Sentiment analysis in your own PDF documents with ChatGPT

While preparing some documents for a forthcoming academic review, I was asked by my department chair to go through all of the student comments from every course I've taught in the last 6 years and find a few "positive" comments that he could quote in his summary writeup.

As I usually teach 3 courses per year, sometimes with cross-listings in multiple departments and/or undergrad/grad sections.

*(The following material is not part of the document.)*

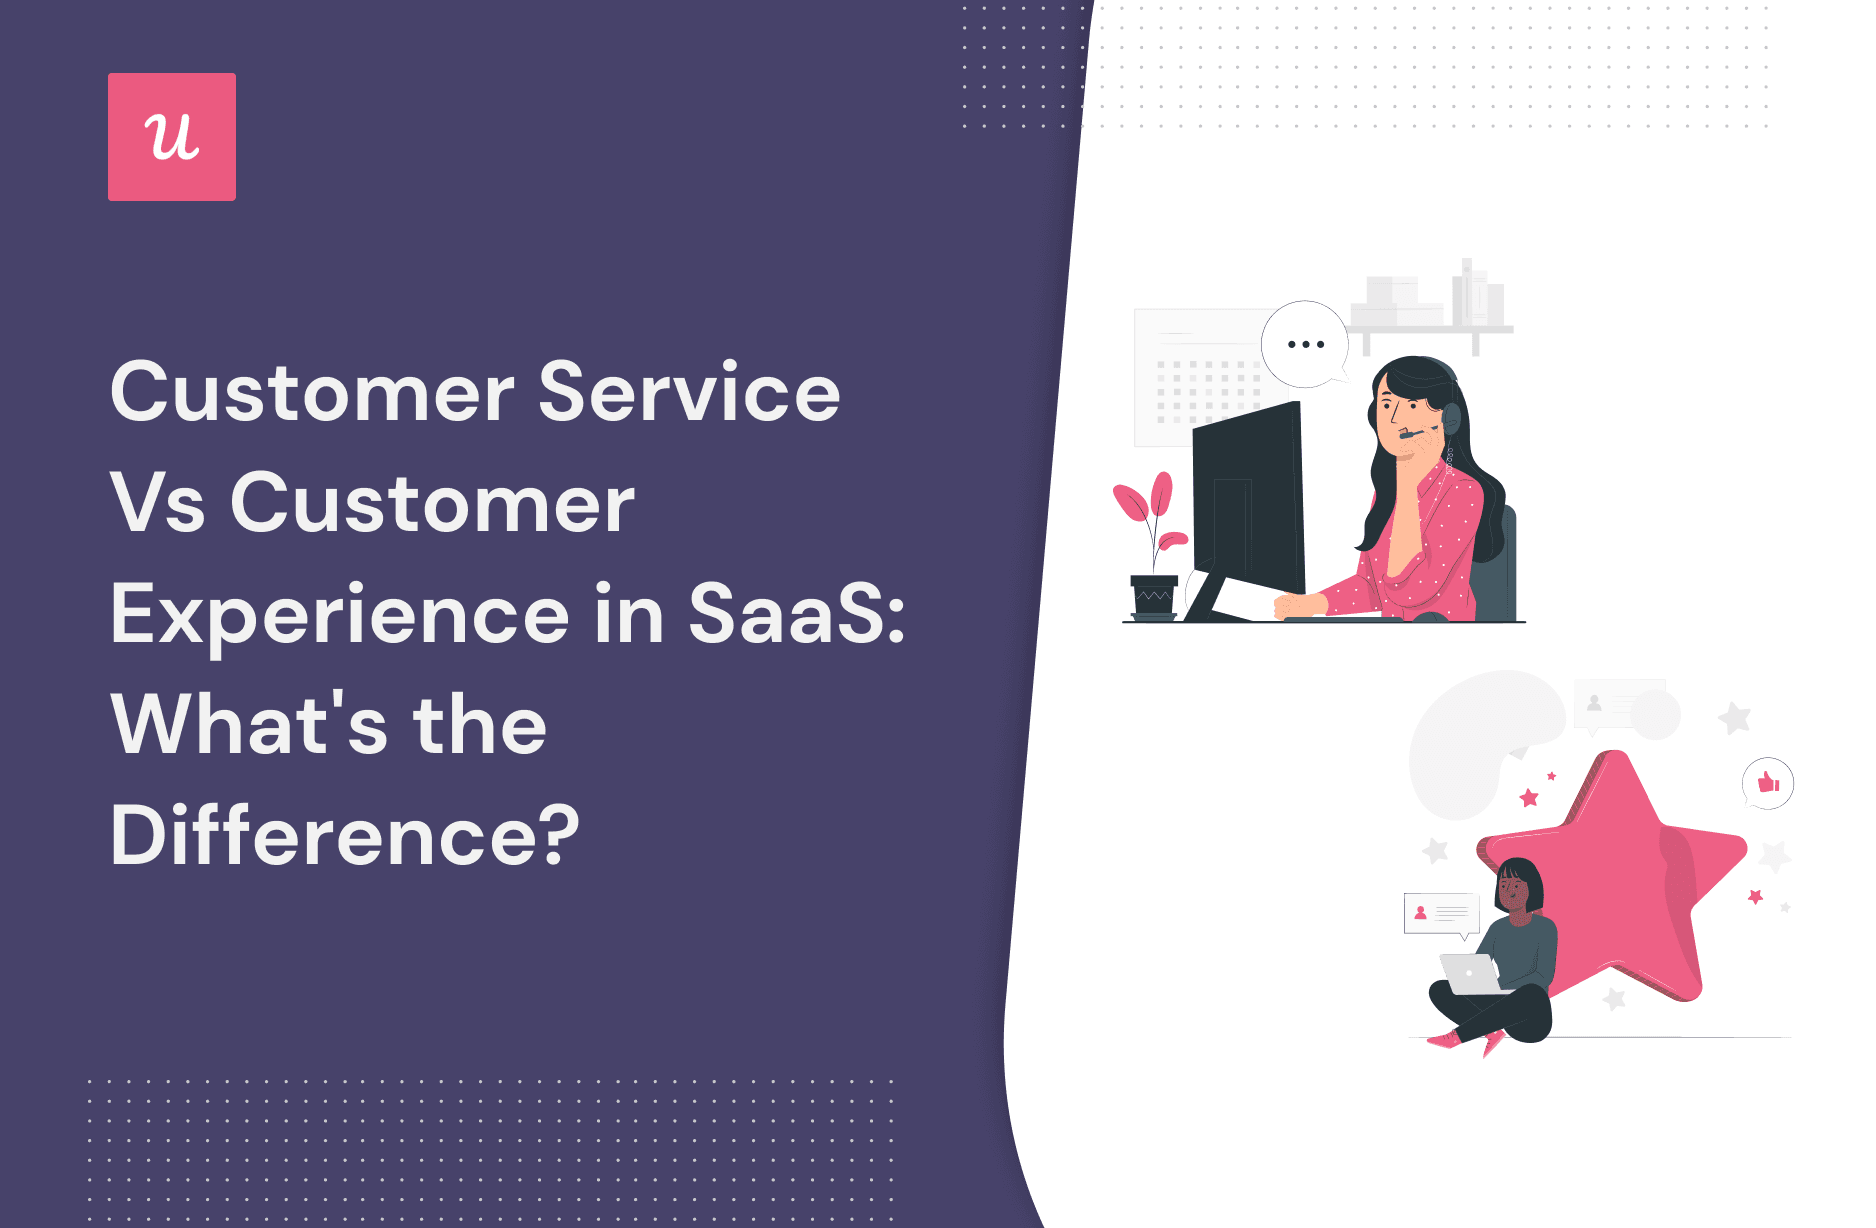 Customer Service vs Customer Experience in SaaS: What's The Difference?

All in, this resulted in 32 PDF documents each with many student comments that I needed to draw from. Doing it manually, would require opening each document, reading and/or compiling the comments and then evaluating and choosing the "most positive" comments. I decided to use ChatGPT with a text embedding to assit me in this task, and thought the code might be useful to others so I am sharing it below along with some comments and documentation.

First we start with the package imports. I'm heavily using langchian which provides abstractions for using large language models (LLMs) and tooling to easily "chain together" tasks such as reading in text, creating a vectorstore of the text embedding to be passed to a LLM along with a prompt which a specific question or instruction.

In [1]:
import os
from PyPDF2 import PdfReader
from langchain.text_splitter import CharacterTextSplitter
from langchain.embeddings import OpenAIEmbeddings
from langchain.vectorstores import FAISS
from langchain.memory import ConversationBufferMemory
from langchain.chains import ConversationalRetrievalChain
from langchain.chat_models import ChatOpenAI
from langchain.prompts import ChatPromptTemplate
from langchain.prompts.chat import SystemMessage, HumanMessagePromptTemplate

from IPython.display import display, Markdown

We're going to use ChatGPT from OpenAI so we'll need to supply an API key. This video tutorial demonstrates how to aquire an API key. If you'd like to use the code below, you'll need to uncomment and paste your API key in the string to the right of the equals sign below.

In [2]:
#os.environ['OPENAI_API_KEY'] = "<your API key here>"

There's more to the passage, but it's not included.